Anyways, I think this might help: note that

x^3 - 1 = (x - 1) (x^2 + x + 1)
 
Hmm...sorry, i don't see what you mean.
 
It means that if a is a root of x^2 + x + 1, then it is also a root of x^3 - 1. (i.e. it is a cube root of 1)
 
ah, so a^3=1, and a has order 3. We can apply the argument backwards, and that will prove a). I see, thanks Hurkyl! :smile:
There's also a second part to this problem, which says (p) is prime ideal in R if and only if p=-1 (mod 3)
Apparently the first part of this problem applies, but i'll have to think about this more.
 
Ah, so that's why you mentioned R.

(Incidentally, I think you meant algebraic integers, not Gaussian integers)

I don't know if it will help, but note that if Fp has a root of x^2 + x + 1, then there is a homomorphism from R onto Fp.
 
I was looking at a somewhat similar problem, https://www.physicsforums.com/showthread.php?t=60863

You use quadratic reciprocity on [tex]X^2\equiv-3[/tex] Mod p to discover that p is of the form 3k+1. Thus, this prime splits over a field with[tex]\sqrt{-3},[/tex]so it would not generate a prime ideal.

Example: [tex]7=2^2+2+1=(2-\zeta)(2-\zeta^2)[/tex]

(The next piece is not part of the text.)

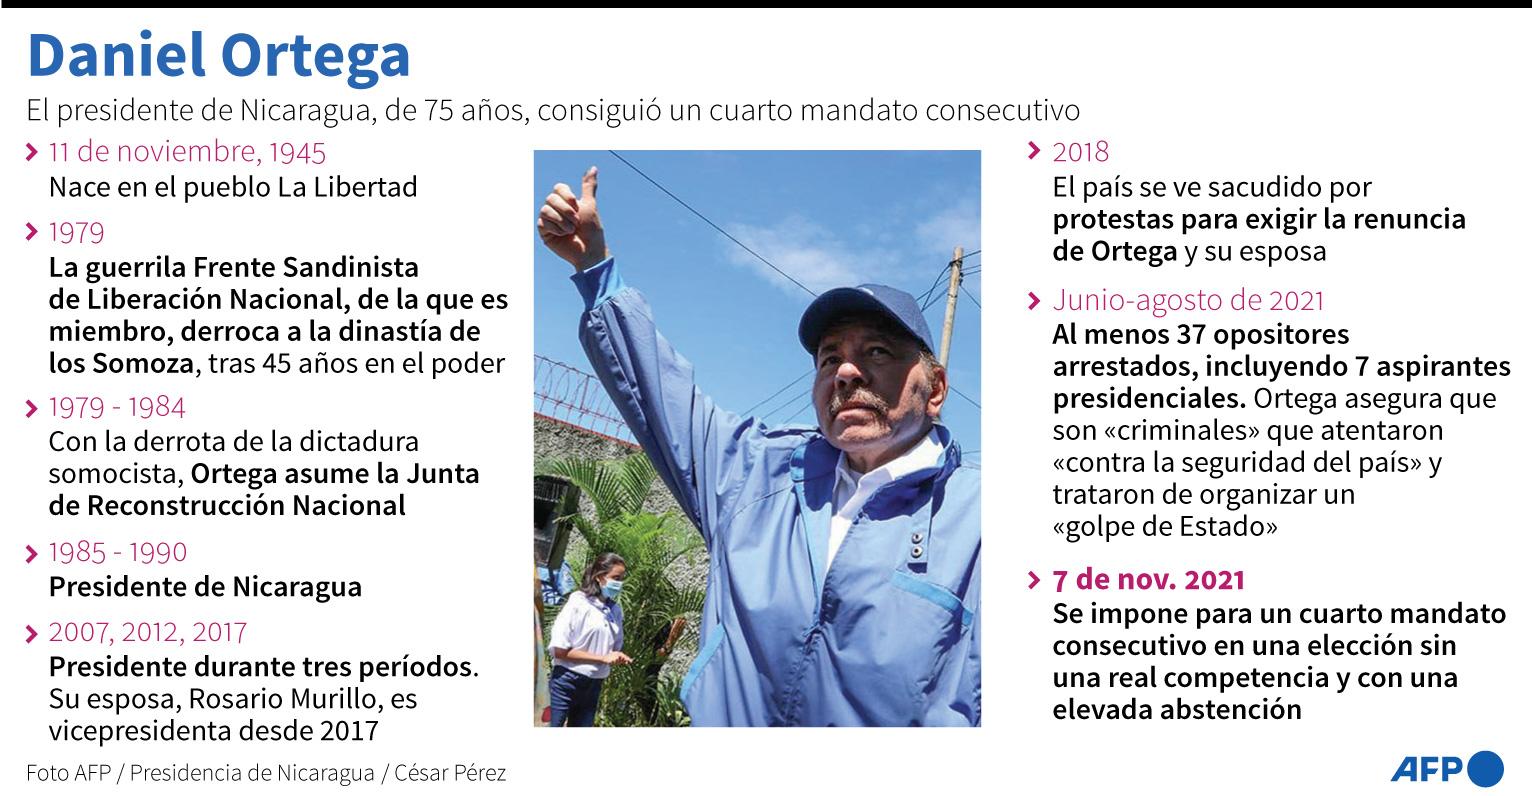 Ficha del presidente nicaragüense Daniel Ortega, que obtuvo un cuarto mandato consecutivo en las elecciones presidenciales del 7 de noviembre - AFP / AFP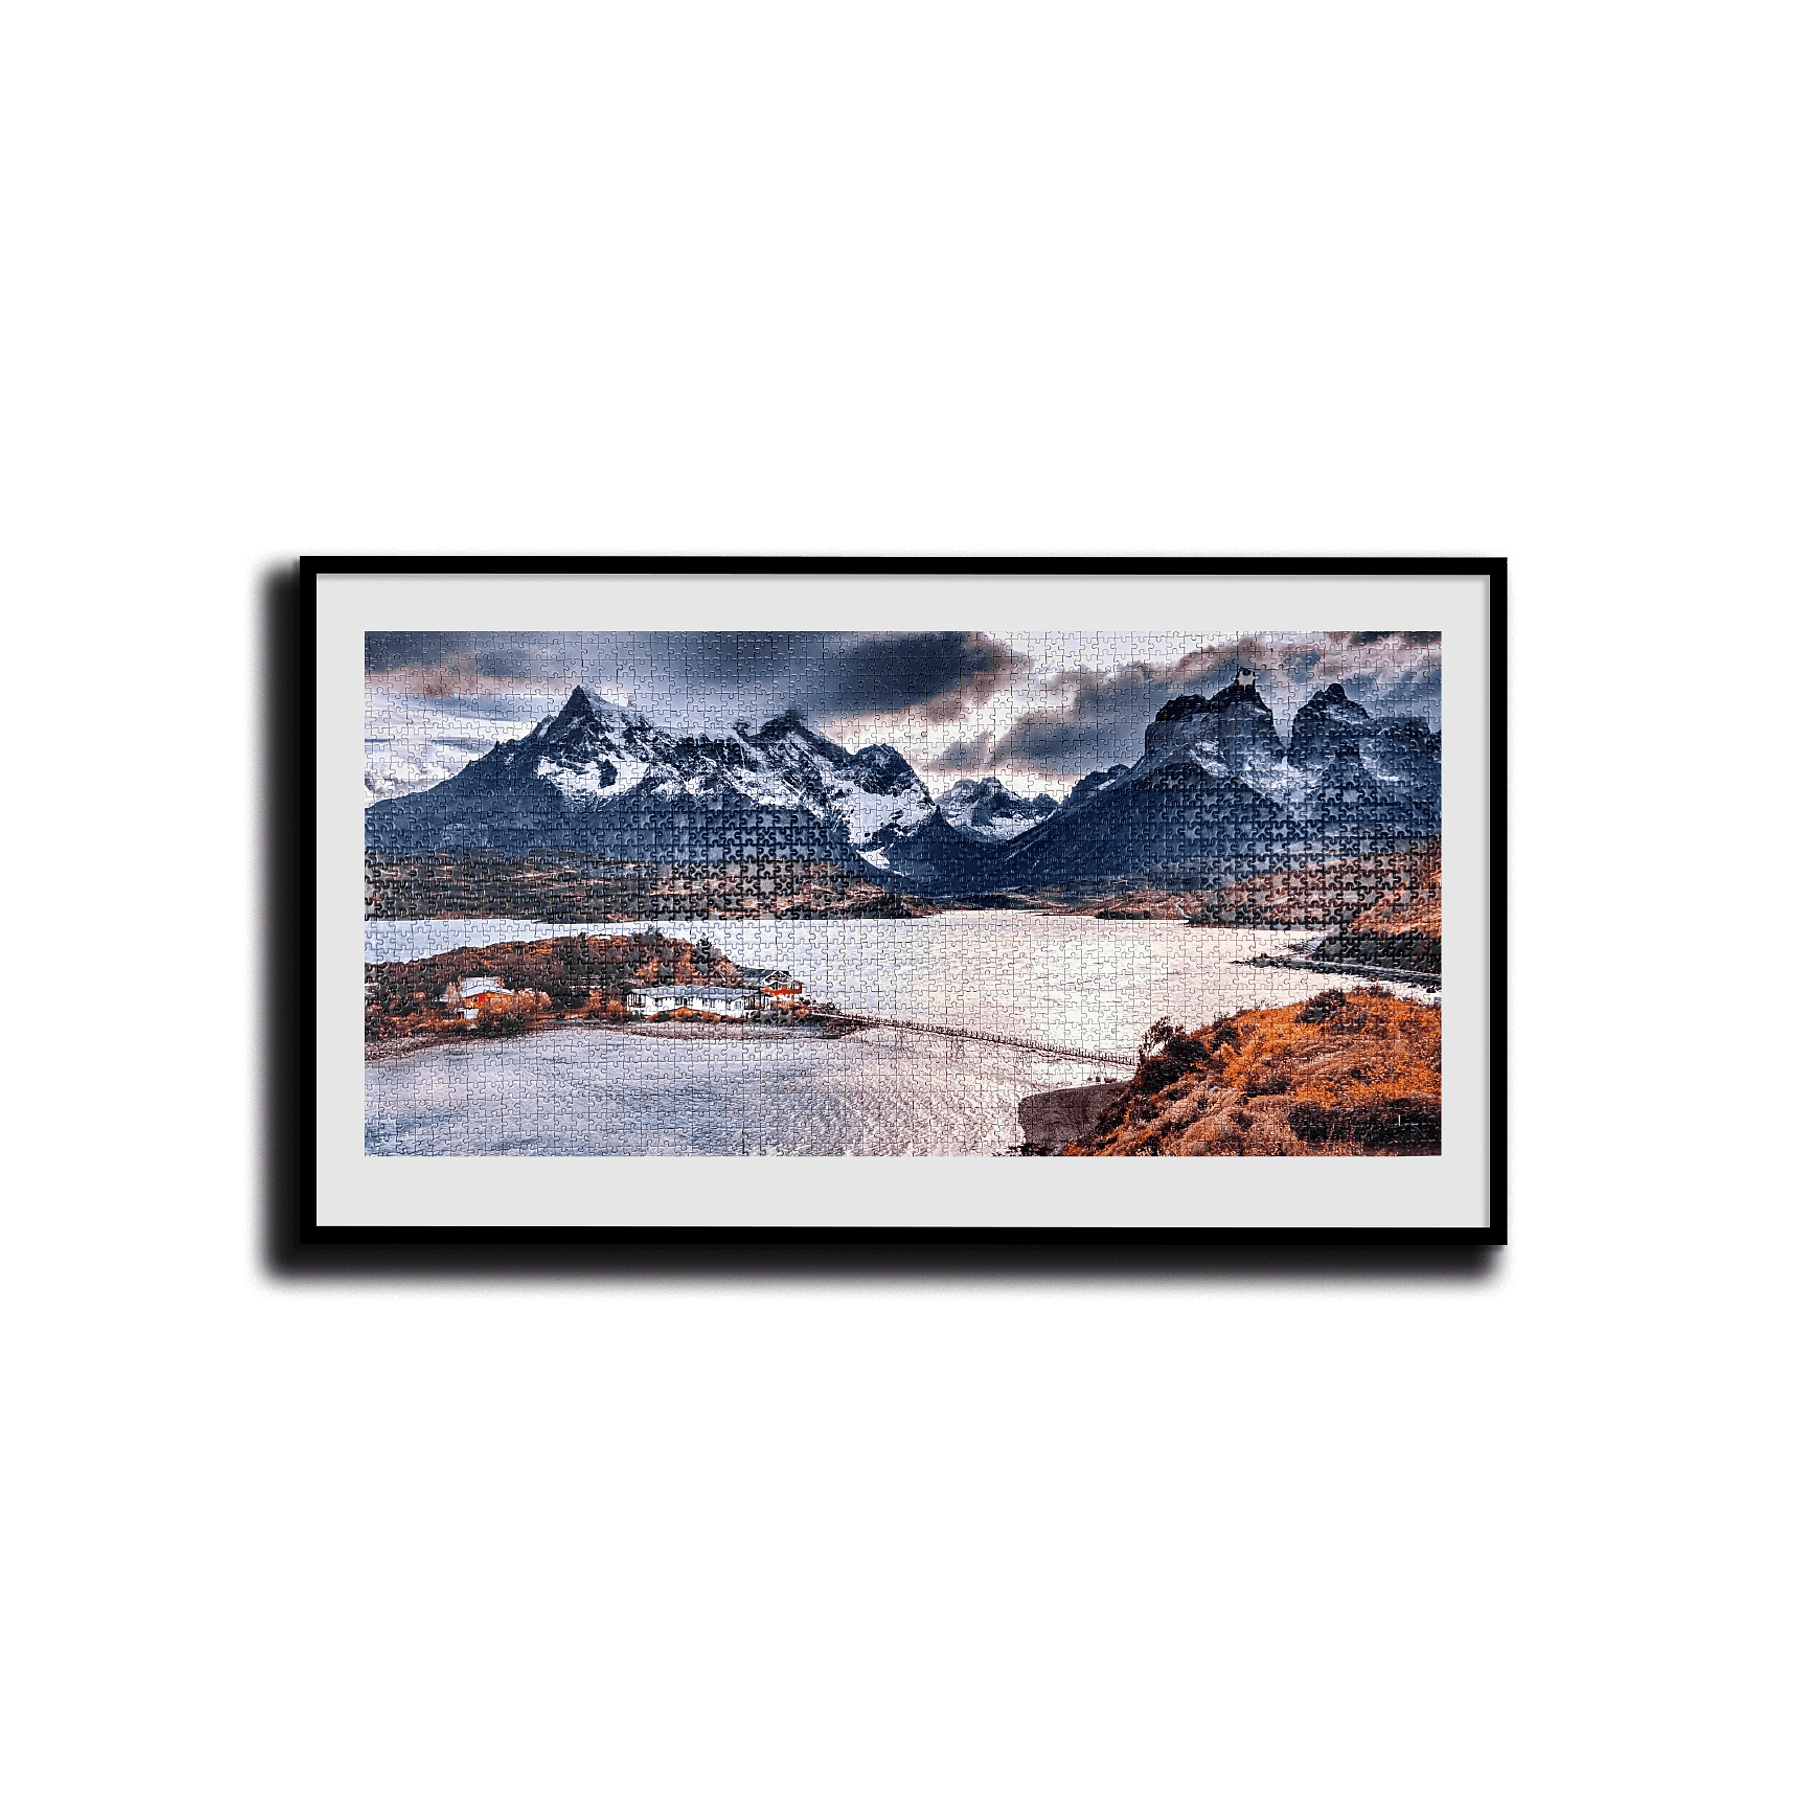 Puzzle Parque Nacional Torres del Paine (Cuernos) 2000 Piezas

By the way, as Hurkyl points out, this is an algebratic number theory problem.
 
Last edited:
this is elementary. look at the group homomorphism from the multiplicative group Fp - {0} to itself defined by cubing. then if there is a primitive cube root of 1, the map is 3 to 1, and has image of order 1/3 the order of the group, i.e. then 3 divides p-1. on the other hand if 3 divides the order of the group, it is elementary group theory that there exists an element of order 3.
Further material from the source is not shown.